→ EXERCISE INPUT:
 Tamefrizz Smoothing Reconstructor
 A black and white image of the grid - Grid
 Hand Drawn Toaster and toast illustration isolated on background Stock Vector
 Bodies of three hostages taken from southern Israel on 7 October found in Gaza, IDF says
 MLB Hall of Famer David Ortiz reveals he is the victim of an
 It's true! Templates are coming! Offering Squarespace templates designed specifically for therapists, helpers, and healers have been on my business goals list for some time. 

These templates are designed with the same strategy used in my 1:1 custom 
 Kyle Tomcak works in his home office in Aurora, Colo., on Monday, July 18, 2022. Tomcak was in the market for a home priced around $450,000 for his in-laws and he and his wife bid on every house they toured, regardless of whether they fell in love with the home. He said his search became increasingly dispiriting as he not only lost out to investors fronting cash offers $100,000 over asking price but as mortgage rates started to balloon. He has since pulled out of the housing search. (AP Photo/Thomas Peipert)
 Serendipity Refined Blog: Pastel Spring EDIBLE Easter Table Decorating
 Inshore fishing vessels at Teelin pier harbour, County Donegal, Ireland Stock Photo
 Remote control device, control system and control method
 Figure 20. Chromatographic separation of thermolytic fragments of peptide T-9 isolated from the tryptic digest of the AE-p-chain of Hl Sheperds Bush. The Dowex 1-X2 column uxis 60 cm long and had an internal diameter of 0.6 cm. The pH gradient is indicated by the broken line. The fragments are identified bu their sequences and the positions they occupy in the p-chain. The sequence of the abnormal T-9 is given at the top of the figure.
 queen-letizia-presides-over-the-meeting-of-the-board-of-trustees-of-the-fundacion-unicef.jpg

→ WORK TASK:
Go through the records and set each one down again, unchanged.

→ ANSWER BELOW:
 Tamefrizz Smoothing Reconstructor
 A black and white image of the grid - Grid
 Hand Drawn Toaster and toast illustration isolated on background Stock Vector
 Bodies of three hostages taken from southern Israel on 7 October found in Gaza, IDF says
 MLB Hall of Famer David Ortiz reveals he is the victim of an
 It's true! Templates are coming! Offering Squarespace templates designed specifically for therapists, helpers, and healers have been on my business goals list for some time. 

These templates are designed with the same strategy used in my 1:1 custom 
 Kyle Tomcak works in his home office in Aurora, Colo., on Monday, July 18, 2022. Tomcak was in the market for a home priced around $450,000 for his in-laws and he and his wife bid on every house they toured, regardless of whether they fell in love with the home. He said his search became increasingly dispiriting as he not only lost out to investors fronting cash offers $100,000 over asking price but as mortgage rates started to balloon. He has since pulled out of the housing search. (AP Photo/Thomas Peipert)
 Serendipity Refined Blog: Pastel Spring EDIBLE Easter Table Decorating
 Inshore fishing vessels at Teelin pier harbour, County Donegal, Ireland Stock Photo
 Remote control device, control system and control method
 Figure 20. Chromatographic separation of thermolytic fragments of peptide T-9 isolated from the tryptic digest of the AE-p-chain of Hl Sheperds Bush. The Dowex 1-X2 column uxis 60 cm long and had an internal diameter of 0.6 cm. The pH gradient is indicated by the broken line. The fragments are identified bu their sequences and the positions they occupy in the p-chain. The sequence of the abnormal T-9 is given at the top of the figure.
 queen-letizia-presides-over-the-meeting-of-the-board-of-trustees-of-the-fundacion-unicef.jpg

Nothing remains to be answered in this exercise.